Appellee refers to Schmelzle v. Transportation Co., 341 Ill. App. 639 which has no application to the case before us, since the affidavits on which the court ruled in that case showed part of the transaction occurred in the county where suit was filed. Reference is also made to sec. 11 of the Practice Act, chap. 110, Ill. Rev. Stat. 1949, par. 135 [Jones Ill. Stats. Ann. 104.011] which provides that judgments are not void because entered in the wrong venue. That section prevents collateral attack, and belated attack on judgments where the defendant did not object to venue in apt time. It does not repeal venue statutes, nor deny the right of direct review of an erroneous decision. Further reference is made to sec. 6, chap. 7, Ill. Rev. Stat. 1949 [Jones Ill. Stats. Ann. 107.031] on Amendments and Jeofailes, as to judgments entered on the verdict of a jury of the proper county. What is the proper county, is the precise question before this court and the record is adverse to appellee, so that the section has no application in this case.

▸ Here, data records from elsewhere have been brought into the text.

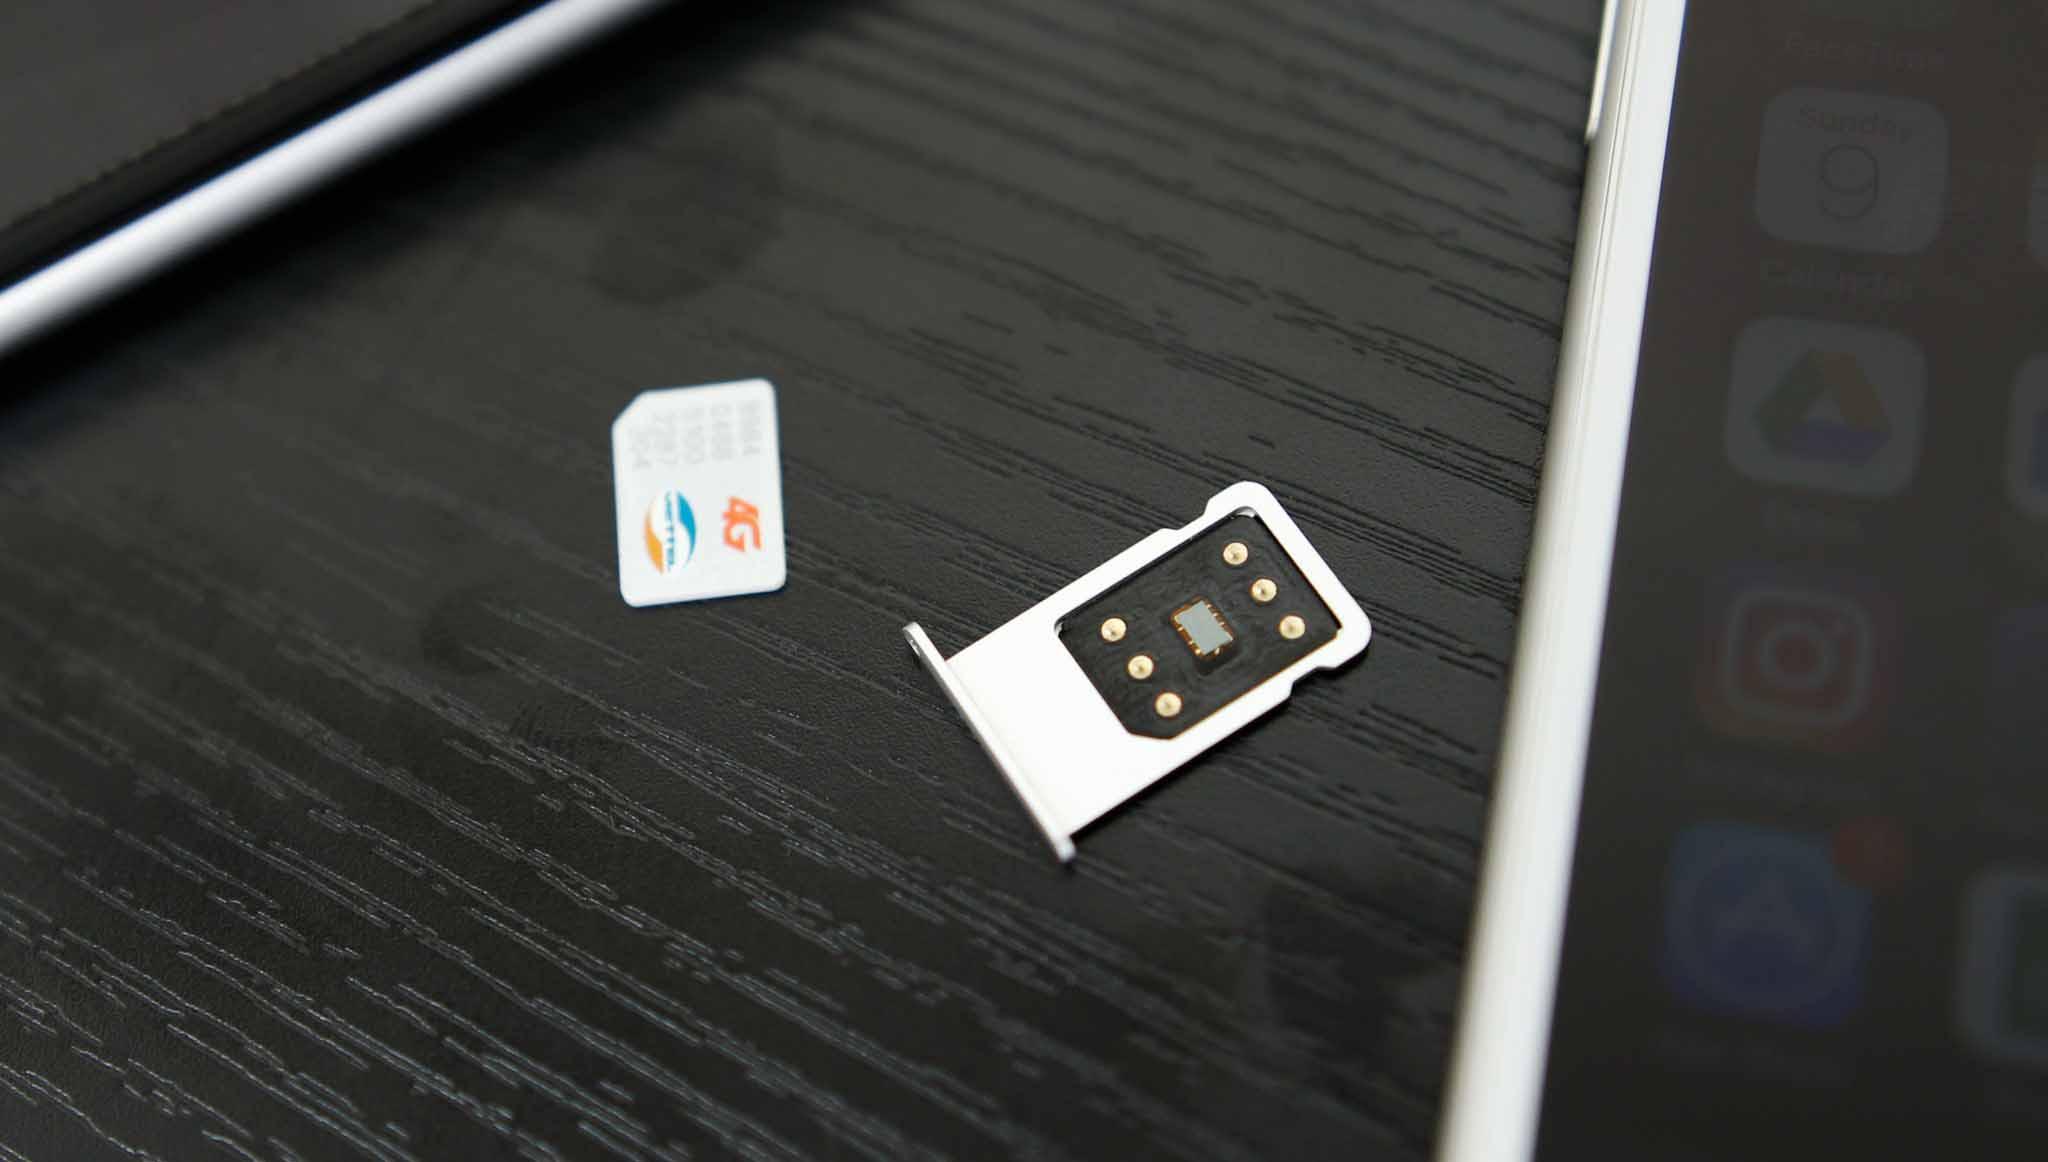 SIM ghép là gì? Ưu, nhược điểm ra sao? Cách sử dụng SIM ghép đúng cách -  Thegioididong.com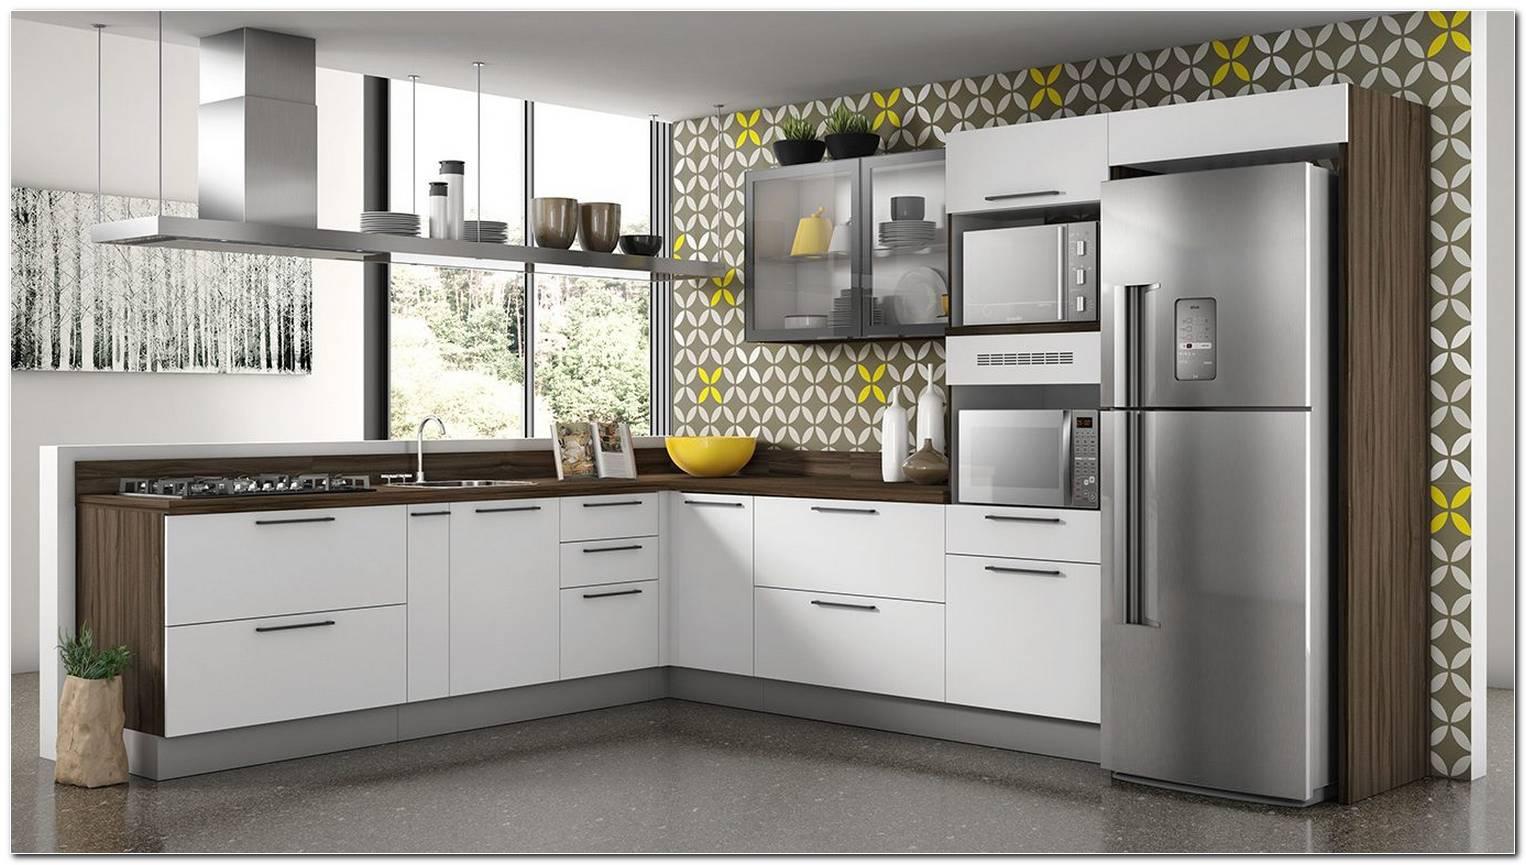 Fotos De Cozinhas Modernas Itatiaia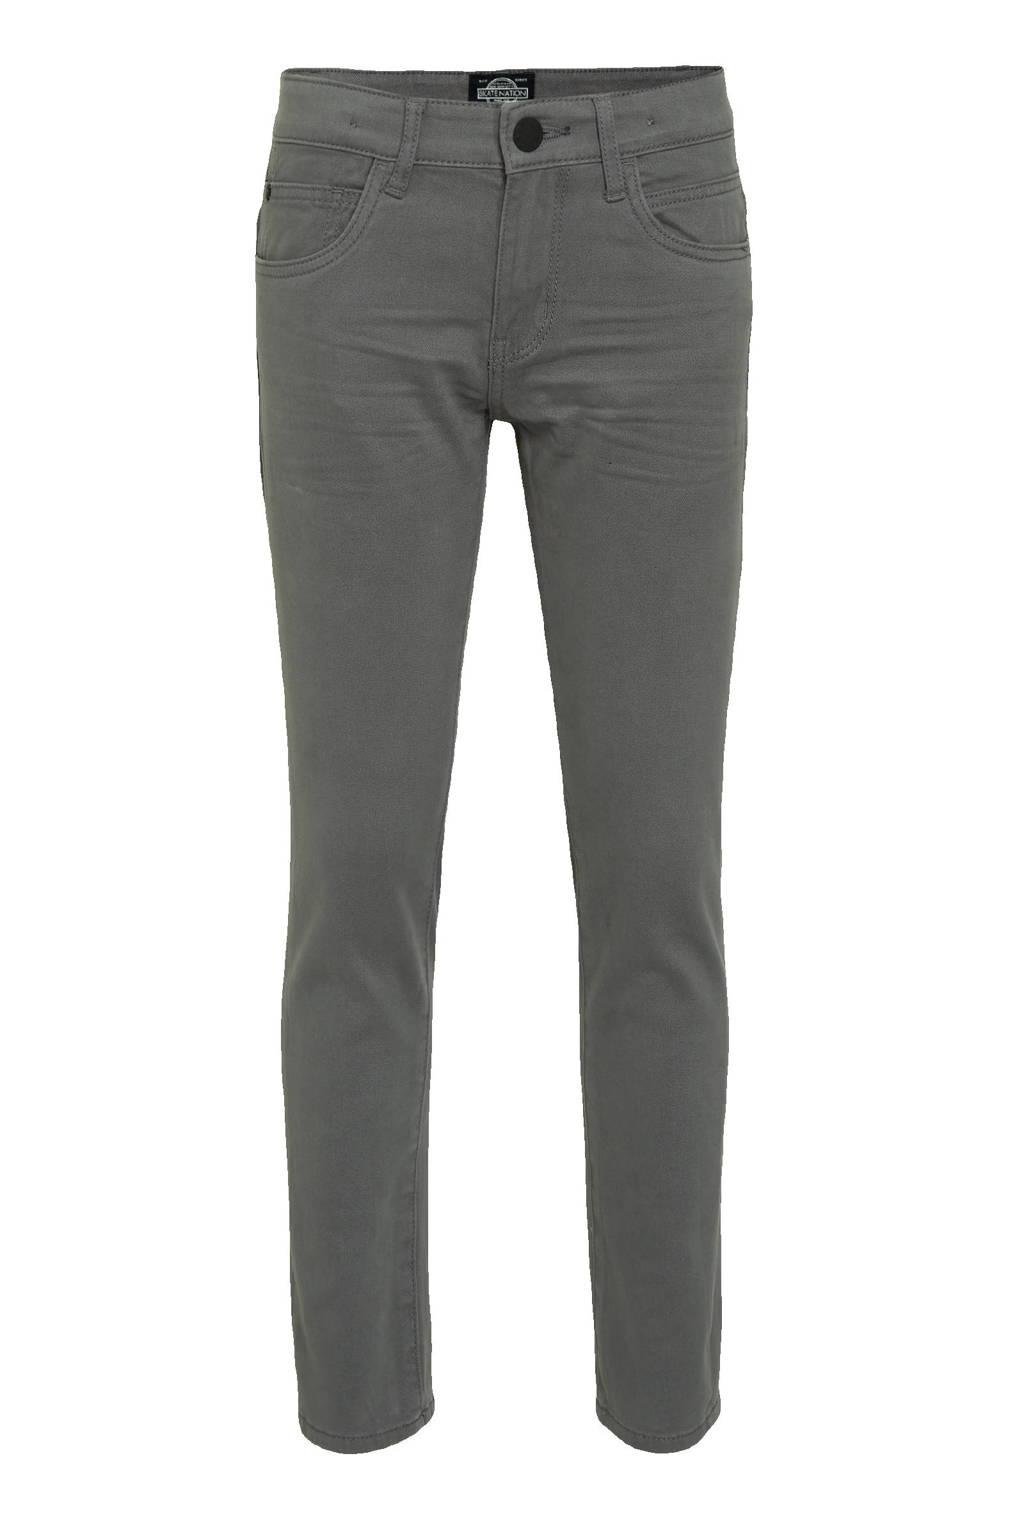 C&A Skate Nation skinny jeans grijs, Grijs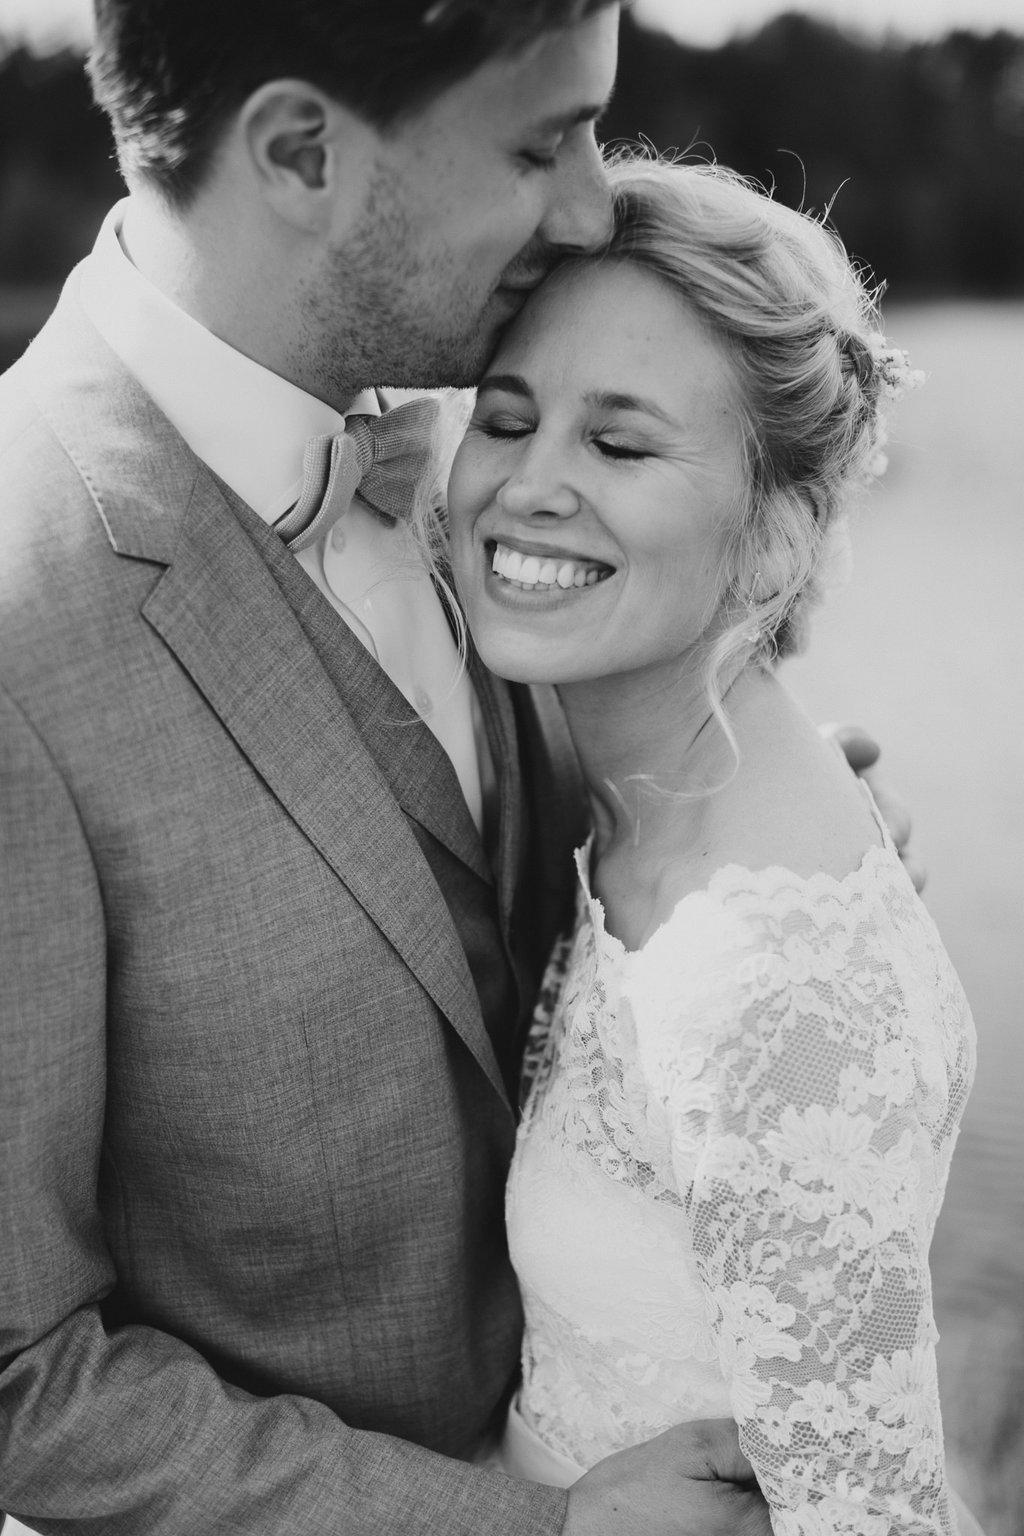 140607_wedding_emelie_gustav_pp-635.jpg

The motion to dismiss the appeal or affirm the judgment is denied; the motion for leave to file an amended complaint is denied. This court finds that the order of the trial court overruling objections to venue was erroneous, and the final judgment is reversed and the cause remanded with directions to enter an order of dismissal as prayed, for lack of ■ venue.

Reversed and remanded.

Culbertson, P. J. and Bardens, J., concur.